I wonder if the texting dotcomers of twittering America could produce even ten divisions of men of this caliber from the mill run of its citizens.

This D-Day collection has a number of June 6, 1944 photographs most of us have never seen.

These things are moving. I especially like picture number 44, a D-Day anniversary shot that captures the irony of which mid-century Americans were capable even after ten years of depression and three of slaughter.

We owe the MSM, specifically the Denver Post, for putting this collection together, and my buddy Al in Rhode Island for alerting some of us to it.

Jun 6, 2009

Vivid air, signed with honor

It is one of the patriotic days, and I suppose you'll hear a certain amount of  oratory, some praiseworthy, some self-serving.  

An unlucky guy may find himself stuck with one of those neocon-right warriors of the lectern.

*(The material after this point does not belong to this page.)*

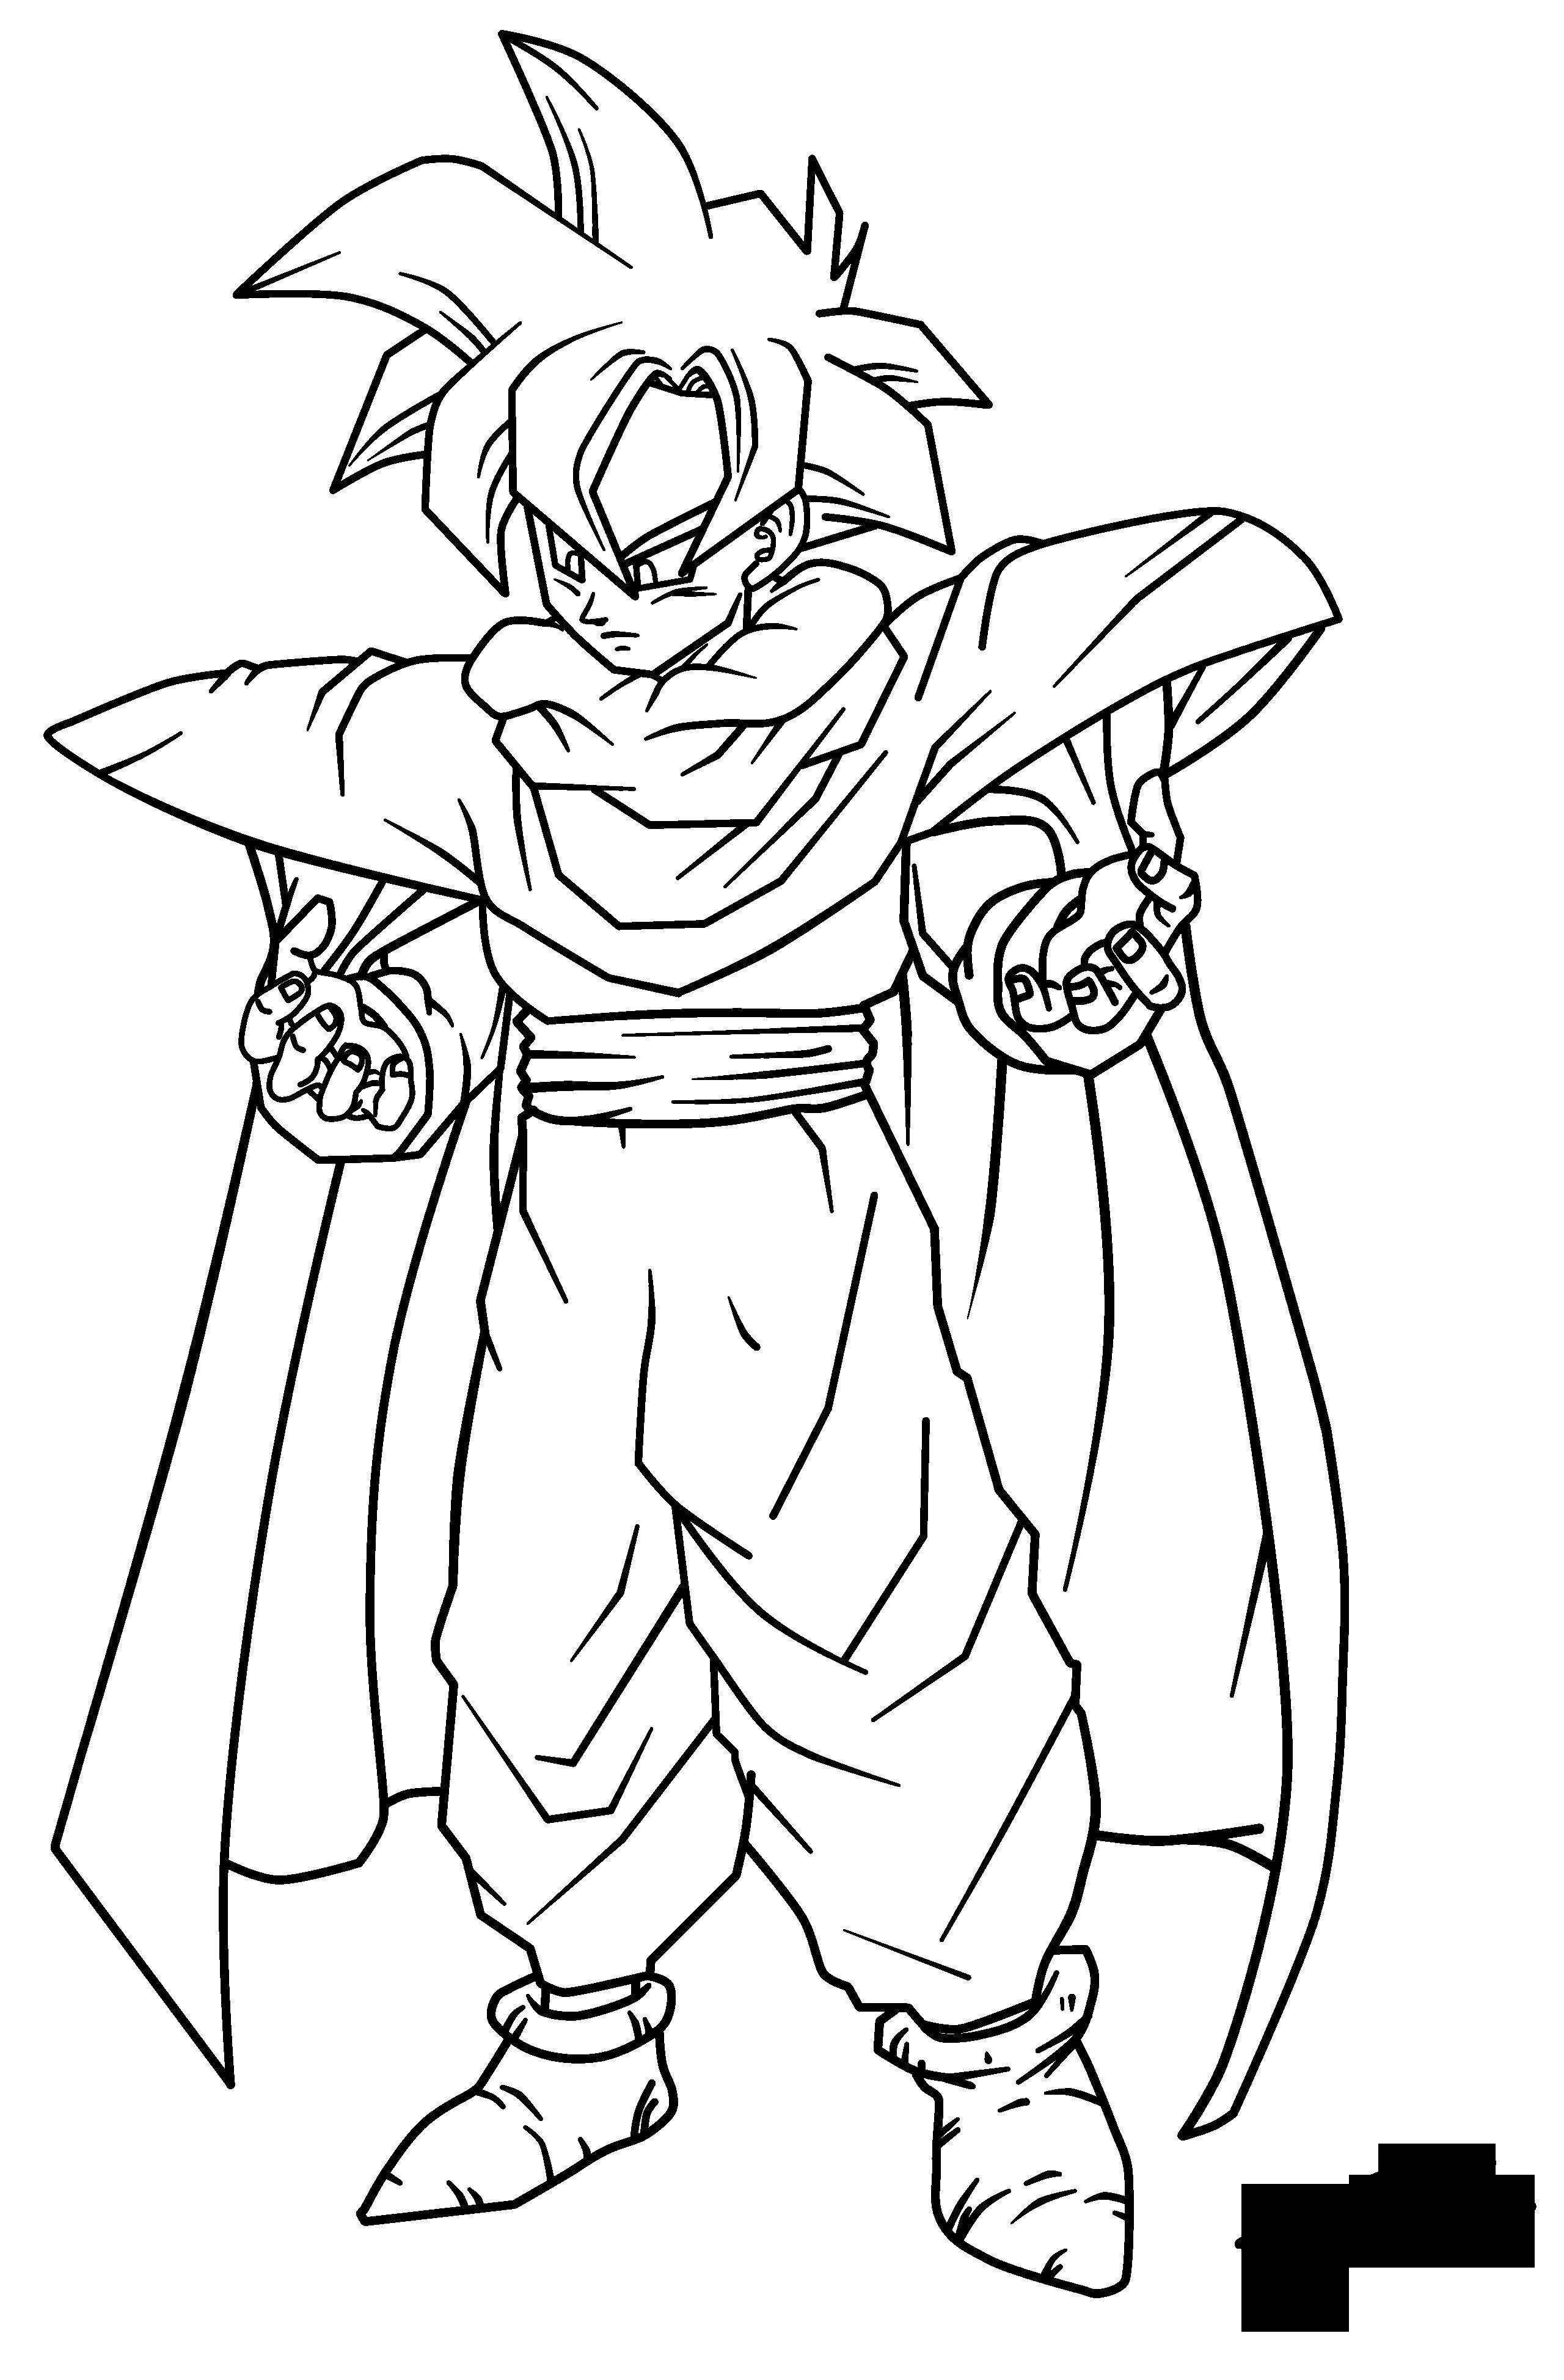 Gohan traje Piccolo Lineart + Color - El Mundo de Dragon Ball

They demand we send our kids  to war to create "democracy" in every populated desert waterhole  and jungle clearing on earth.  It is always instructive to stop them in mid-rant and ask:

 "Sir (or Madam), please, where and when did you wear the fighting uniform?"  Amazing how many of the loudmouth warhawks found  actual service simply too inconvenient.

Otherwise this D-Day, I intend to reread the Noonan/Spender/Reagan tribute.